Crude oil prices may decline in Asia trade on Thursday as weekly supply data out of the U.S. pointed to growing inventories.
ICE Brent was quoted at US$65.92 a barrel after the data, up 0.69 percent, while NYMEX West Texas Intermediate rose 0.45 percent to US$55.94 a barrel. Brent settled up 0.99 percent at US$66.12 a barrel on Wednesday and WTI gained 1.01 percent to US$56.25 a barrel.
Crude oil inventories in the U.S. jumped 8.8 million barrels to 440.7 million barrels by the end of last week, the American Petroleum Institute said on Wednesday, compared with a 3.2 million barrel gain expected. Gasoline inventories rose 188,000 barrels, compared with a 1.5 million-barrel decline expected and distillates dropped 3.2 million barrels, compared with a 1.7 million-barrel decline forecast.
Stocks at the oil storage hub of Cushing, Oklahoma, rose 726,000 barrels and refinery runs rose 216,000 barrels per day (bpd), API said.

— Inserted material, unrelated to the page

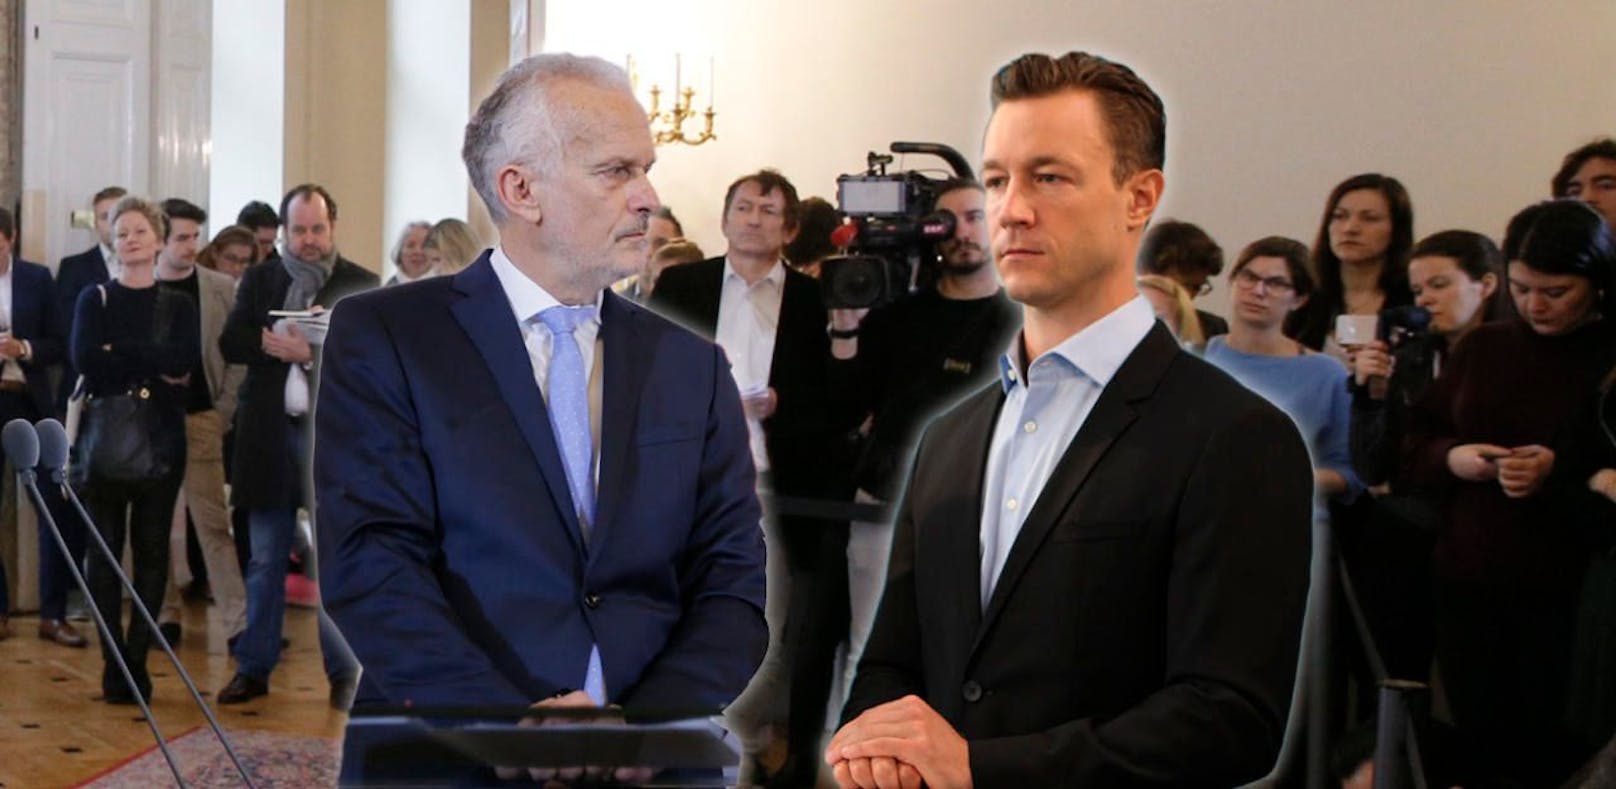 Uneinigkeit in der ÖVP: Kanzleramtsminister Gernot Blümel und Justizminister Josef Moser machten widersprüchliche Angaben zum geplanten Erwachsenenschutzgesetz.

The figures will be followed by official data on Thursday from the Energy Information Administration at 1030 U.S. EDT, a day later than usual because of a public holiday.

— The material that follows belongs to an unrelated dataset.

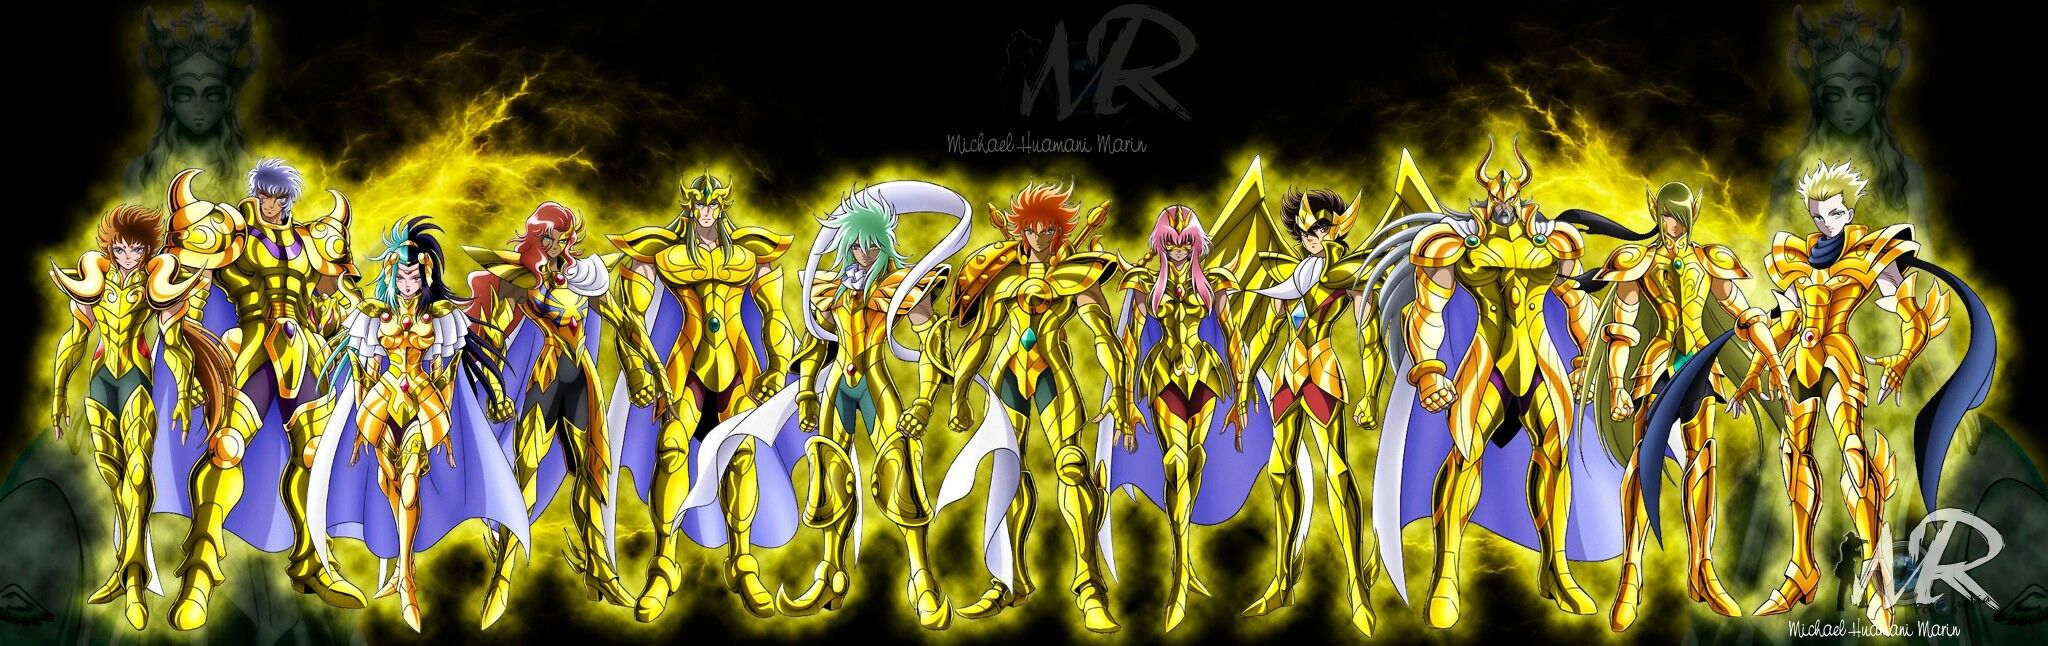 Future Gold saints in Omega : r/SaintSeiya

Elsewhere, the monthly review of supply and demand from the Paris-based IEA released on Wednesday held global supply and demand growth estimates mostly steady at 1.3 million barrels per day (bpd) and 1.4 million bpd for 2018 and 2019 respectively.
The expected price decline in the Thursday session follow oil prices’ recent tumble.
Credit Suisse in a 13 November note to clients called the current market in “meltdown” and said if OPEC and allies do not cut at a meeting in Vienna in early December, prices could fall below US$50 a barrel near term as a seasonal demand dip in the first quarter of next year will add further pressure.
“The selloff in the last two weeks has been driven by a 300,000 barrel upward revision to U.S. supply and the granting of waivers on Iranian exports causing concern much less Iranian oil than expected will come off the market,” Credit Suisse said.
The eight nations which received waivers account for around 75 percent of Iran’s oil exports, Reuters reported recently, citing trade data.
“And despite Saudi Arabia pledging to reduce production by 500,000 barrels beginning in December, the subsequent tweet from President Trump (“hopefully, Saudi Arabia and OPEC will not be cutting oil production”) and the absence of a Saudi response has prompted the market to question whether a cut (which is necessary) occurs. We believe plunging oil markets will force OPEC to cut production, making the next OPEC meeting on 12/6 critical,” it said.
Hopefully, Saudi Arabia and OPEC will not be cutting oil production. Oil prices should be much lower based on supply!